OAN’s Abril Elfi
11:23 AM – Tuesday, August 8, 2023
Los Angeles city workers have gone on a one-day strike alleging unfair labor practices and the city’s unwillingness to negotiate with them.
On Tuesday, over 11,000 city employees who are represented by Service Employees International Union (SEIU) Local 721, proclaimed that they were protesting their unjust working conditions, which included staffing shortages in city agencies that require overtime work.
The thousands of employees included sanitation workers, heavy-duty mechanics, engineers, custodians, and lifeguards, among many other workers.
SEIU Local 721 Executive Board Member Dion Cornelious, who also works as a bus operator, spoke to reporters from the press.

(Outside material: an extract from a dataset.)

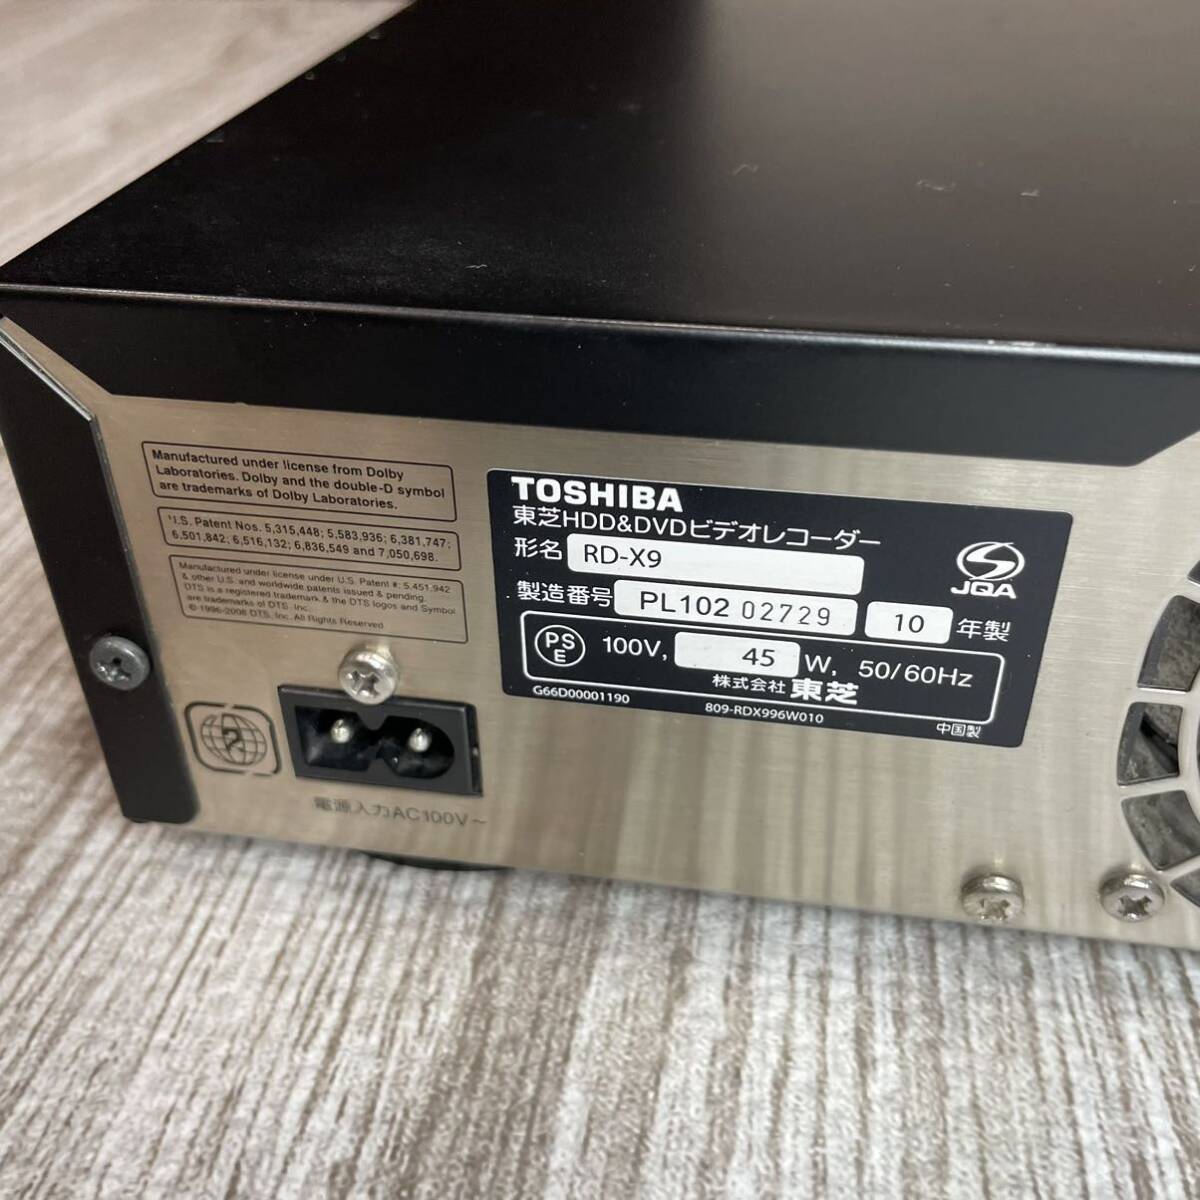 [ Junk ] TOSHIBA Toshiba HDD&DVD recorder VARDIA RD-X9

“We’re being very overworked, we’re understaffed, the city has disrespected us and we’re tired of it. If they continue to disrespect us, we’re gonna shut it down,” said Cornelious.
The strike began on Tuesday at 4 a.m. PST and is expected to last a full 24-hours.
Workers began their protest at the Los Angeles International Airport and are reportedly leading towards Los Angeles City Hall later today. According to the insider sources, at least four ships from the Port of Los Angeles were delayed due to the strike.
“Cargo vessels scheduled for entry or departure on Tuesday are being delayed one day due to the job action. The Port looks forward to the return of a full work force on Wednesday,” a port official said in a statement.
Union Officials have reported that SEIU Local 721 had reached an agreement with the government in December, when the city pledged to consider union proposals in separate negotiation sessions.
Nonetheless, city officials are reported to have merged these negotiations with workers for the union’s future contract, which prompted them to file a complaint about unfair labor practices.
The one-day strike is anticipated to have an impact on a number of services, including trash pickup, public swimming pools, animal shelters, traffic and parking enforcement, and large event services.
The 3-1-1 call center will be available to answer questions, however, wait times may be longer than usual.
It is also reported that two unions in San Jose City with nearly 4,500 employees are planning a three-day strike in the week of August 14th.